Why airline profits are in trouble

Brace yourselves. We’re about to hit a spell of turbulence.

Only 2 weeks after carriers Eos and Hong King Airlines went to the wall, Easyjet Chief Executive Andy Harrison warned yesterday that a couple of others were headed in the same direction. Airline profits are at the mercy of the oil price, he said. And where that’s headed is anyone’s guess.

“The price of jet fuel has risen 35 per cent over the last three months and is now 80 per cent higher than last year”, said Harrison. “What is certain is that if these fuel increases are maintained many of our weaker competitors will disappear.”

Easyjet and Ryanair, its larger rival, have little to shout about though. Sterling is weakening and UK consumers more thrifty, with both expecting less passengers on European routes in the coming months. And as the oil price embarks on what looks like an unstoppable flight to $200 a barrel, there seems to be little doubt that all airlines are caught in a vicious, inescapable circle.

First, lets take the weakening UK consumer. Although both airlines carried more passengers in April, up about 15% for both from the same month last year, their load factors were down.  Load factors are a measure of how well an airline is filling seats. Last April, Ryanair boasted an 83% load factor. This year it’s fallen to 79% as the Dublin-based airline failed to fill the seats on newly acquired airplanes. “There is a correlation between consumer spending and airline spending”, says one Dublin based analyst, who declined to be named. “In fact, the effect is exaggerated”, he says, as people begin to spend more on essentials.

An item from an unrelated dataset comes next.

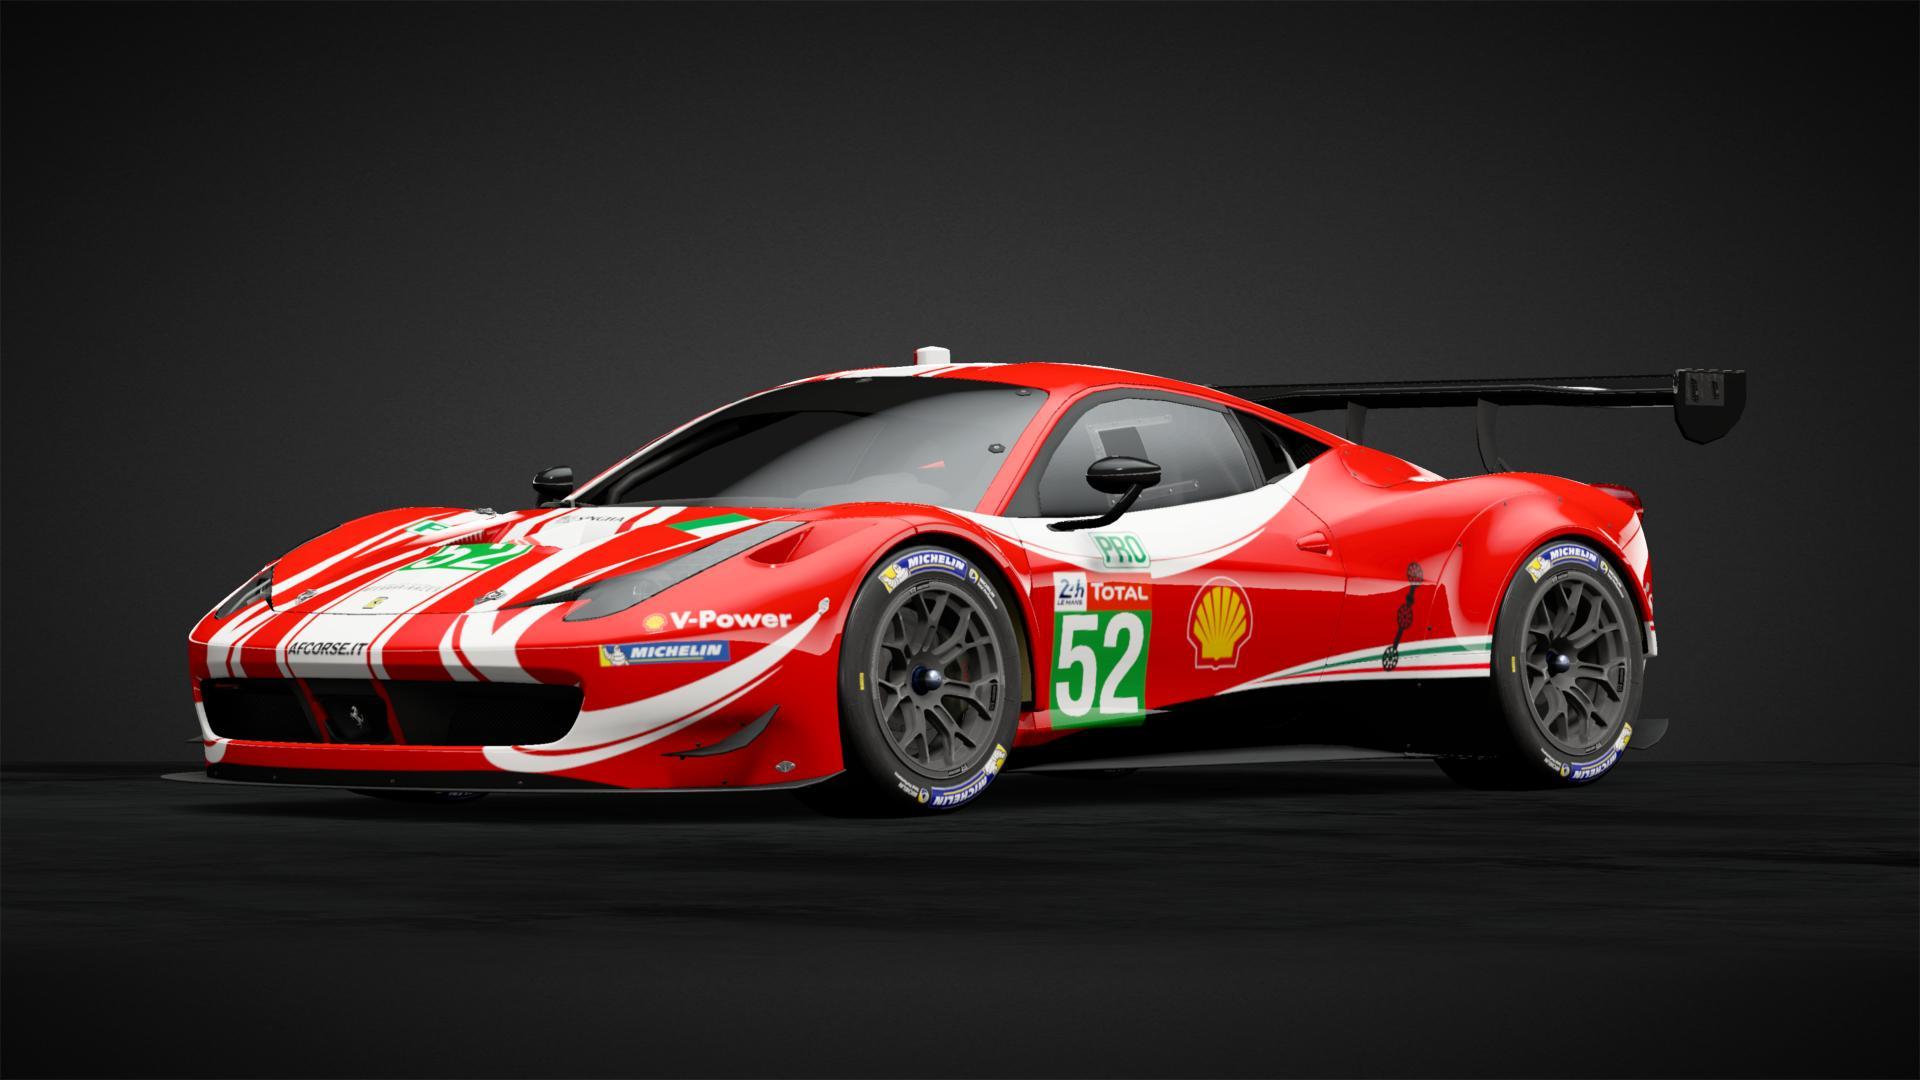 Ferrari 488 Gte Evo Af Corse 52 Car Livery By Speedchaserracin Community Gran Turismo Sport

What’s more, with house prices falling, people are likely to feel less wealthy, meaning they’ll splurge less on non essentials like flights to marbella.

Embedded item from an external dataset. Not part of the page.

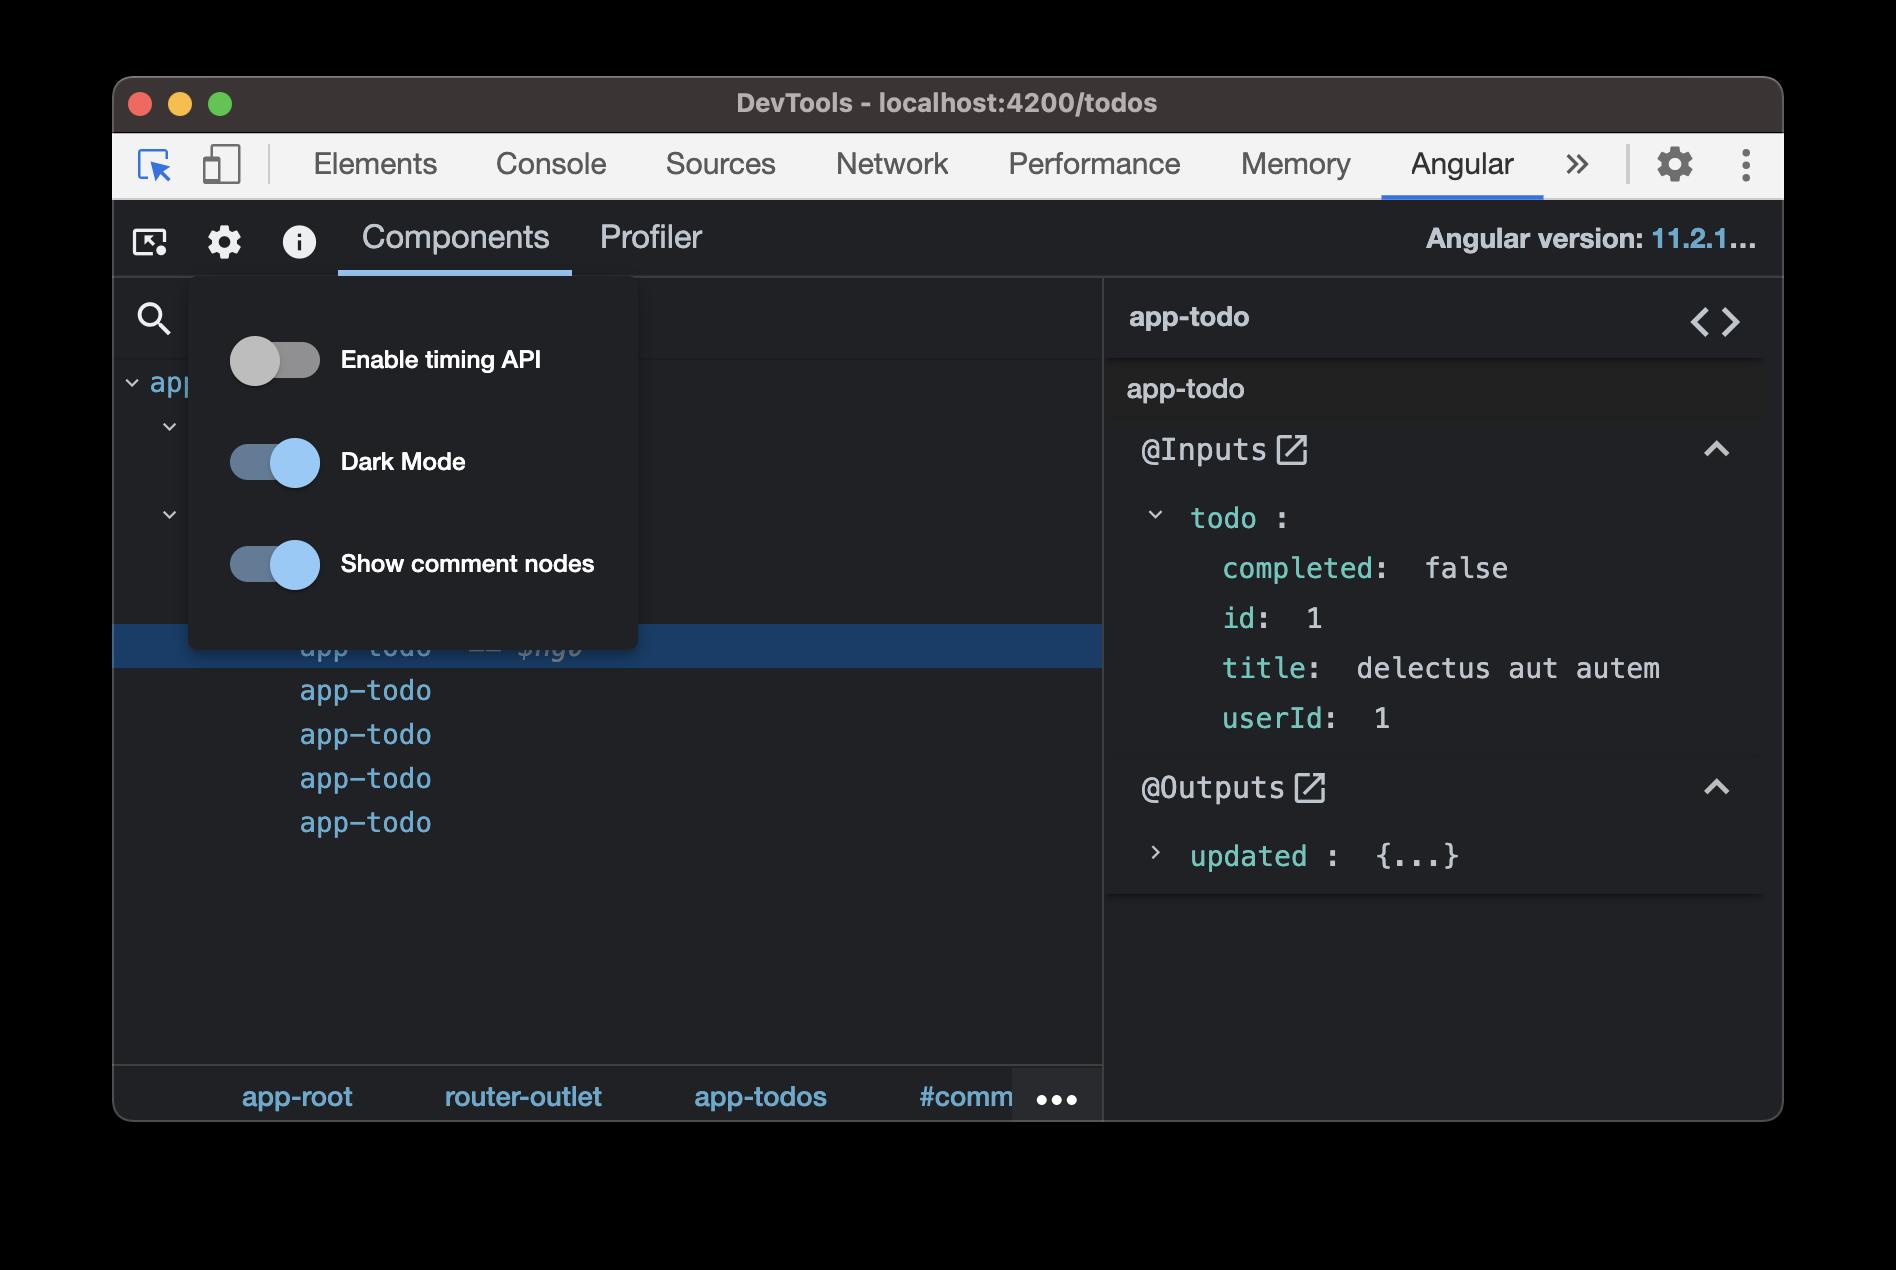 Angular dev tools options menu

Secondly, there’s sterling. Over the last 12 months, Sterling has plummeted almost 20% against the Euro, making it more expensive for your average Briton to pop down to Spain or Cyprus for the quick one-week break they’ve come to aspire to. Already, the newspapers are full of stories on where to go to beat the euro. Poland says one, Albania, (God help us), says another.

Lastly, of course, there is the oil price. Easyjet reckon that for every $10 a tonne the oil price rises, they are being stung for £2.5m. And here’s the nasty bit. Airlines can’t offset higher oil prices by charging their passengers more. As Easyjet’s Harrison said yesterday, the demand simply isn’t there to raise prices. 

So now, the focus is on the oil price. Standing at $122 a barrel, Goldman Sachs are forecasting a move to $150-$200 over the next two years on the back of supply constraints. If you’re to believe the word of analysts, that’s a pretty significant statement, given that Goldman’s were the first to predict the $100 barrel.

However, the latest run up in oil, as we point out in this week’s MoneyWeek looks a tad overdone. Shell boss Jeroen Van der Veer said last month that investment going into oil had soared to $3.4 billion a week by Mid-March, while Lehman brothers noted that $40 billion had flowed into commodity funds this year. That suggests there’s quite a lot of hot money out there, looking for a hedge from inflation and a weak dollar.

That’s some news that should ease the airlines flight plan ever so slightly.